Step (2): If two homology fragments are determined to be part of the same gene or pseudogene structure in step (1), then in step (2) the fragments were merged only if the chromosomal distance between the matches was shorter than 60 bp; that is, c22−c21 ≤60. The rationale behind such treatment was that if the gap between the matches were too long, then merging them together would generate errors in the Smith-Waterman realignment procedure described below. In addition, it has been shown that more than 95% of the introns in human are longer than 60 bp (Lander et al. 2001), and thus we would not have accidentally merged two exons together or included introns into the coding sequence.

Optimization From Smith-Waterman Alignment of Merged Matches

After merging, each match was extended on both sides to equal the length of the RP they matched, plus a buffer of 30 bp. For each extended match, the corresponding SWISSPROT protein sequences were then realigned to the genomic DNA sequence following the Smith-Waterman algorithm (Smith and Waterman 1981) by using the program FASTA (Pearson 1997). The reason for such an extension procedure is that BLAST may have skipped low-complexity segments in the query RP sequence; also, BLAST does not recognize frame shifts.
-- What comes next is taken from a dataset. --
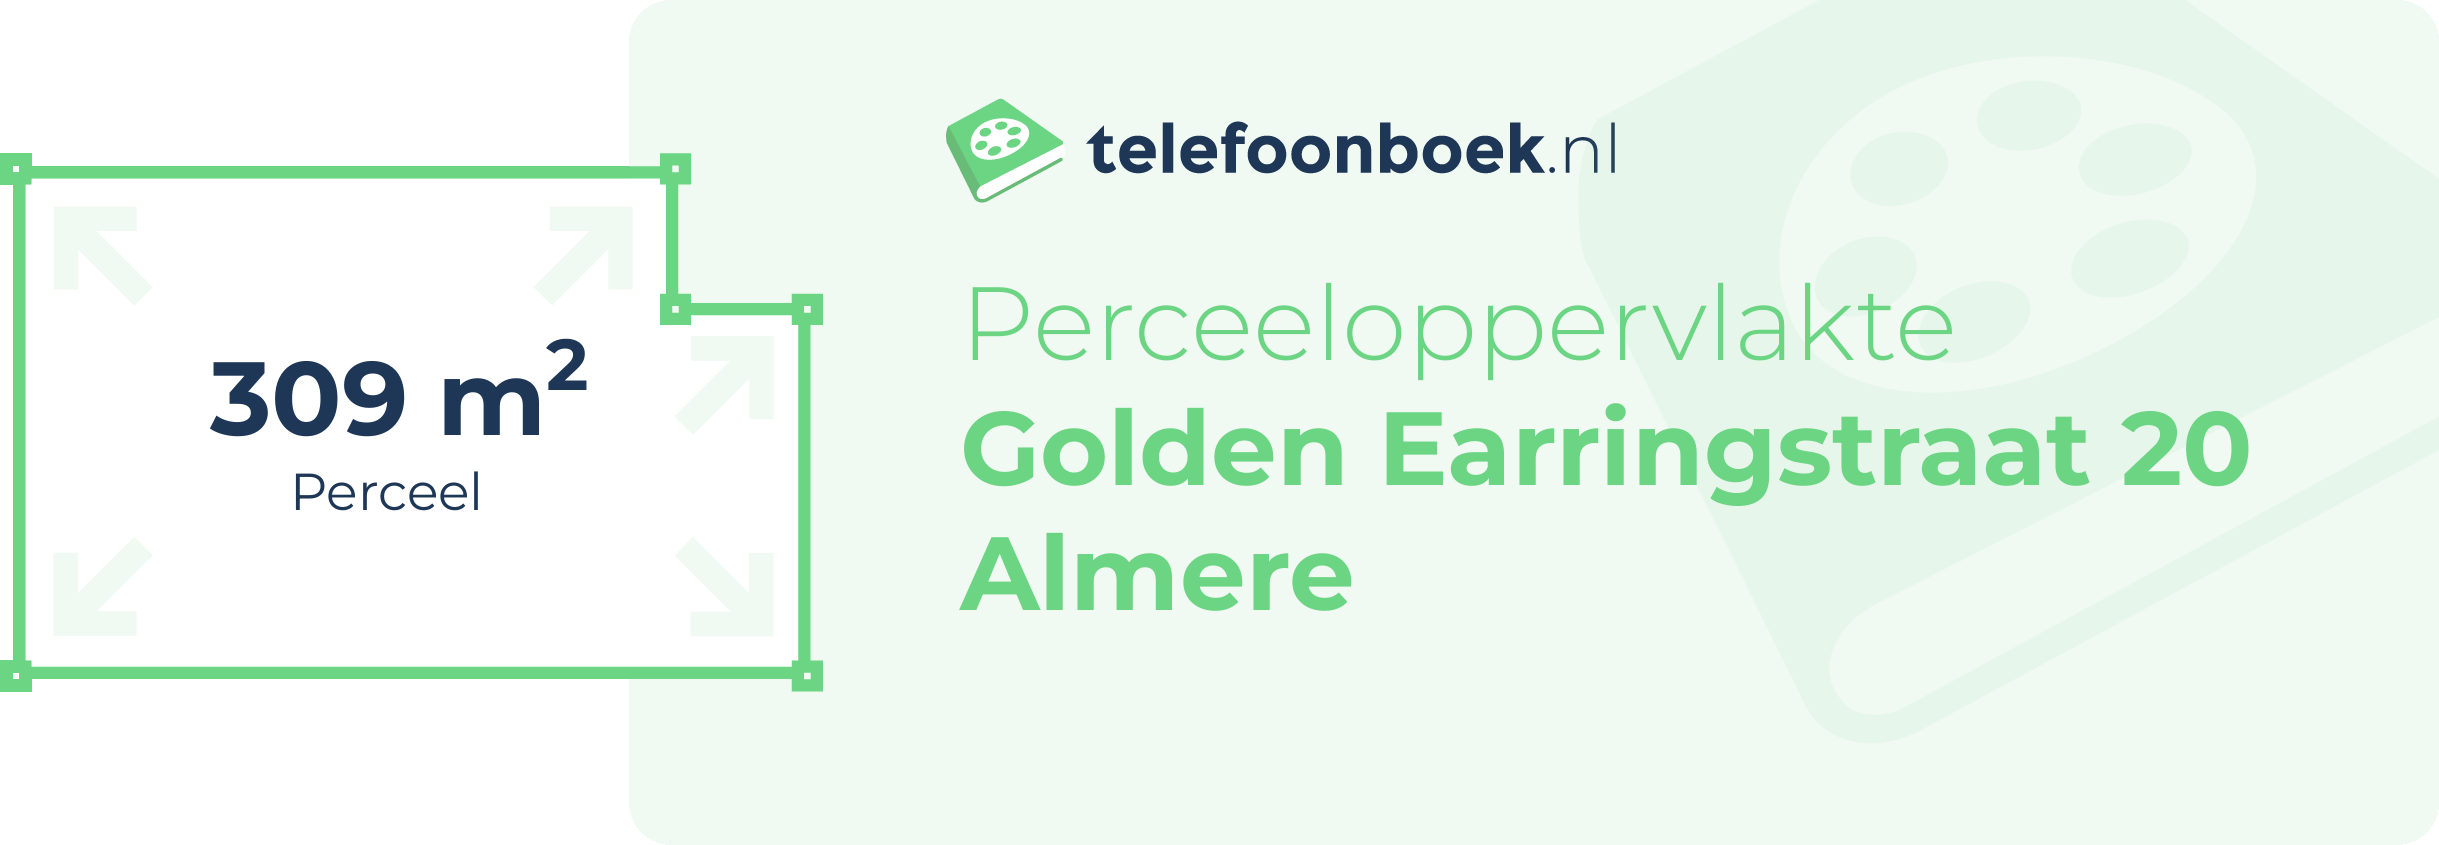 Perceeloppervlakte Golden Earringstraat 20 Almere

After the realignment, the matches are “cleaned up”: any redundant matches were removed, and matches that contain gaps longer than 60 bp were split up into two individual matches. Because sequence alignment programs sometimes tend to pick up some extra residues at the ends of the alignment, each alignment was filtered to remove dubious matches at the ends. At this step, we had a total of 2531 pseudogene candidates in the whole genome that matched the human RPs. Most of these were potential pseudogenes, but there could also be real functional RP genes in this set, because we did not exclude any matches based on disablement.
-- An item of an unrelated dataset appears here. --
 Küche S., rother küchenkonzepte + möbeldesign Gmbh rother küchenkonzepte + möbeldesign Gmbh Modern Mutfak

Deriving a Set of RP Genes From the Ensembl Database

We wanted to compare our pseudogene sets with the RP genes from the Ensembl database (http://www.ensembl.org; Birney et al. 2001; Hubbard et al. 2002). As of the end of February 2002, there were approximately 47,000 confirmed genes, each with an annotated function. (Details regarding the Ensembl annotation procedure can be found in the aforementioned references.) We searched the Ensembl database and picked out 549 genes that have been annotated as ribosomal proteins. We then reannotated these genes by aligning them pairwise with human RP protein sequences, and picked out those Ensembl genes that had FASTA e-values lower than 0.0001. After removing a few remaining mitochondrial ribosomal protein genes, we had a set of 481 Ensembl nuclear RP genes.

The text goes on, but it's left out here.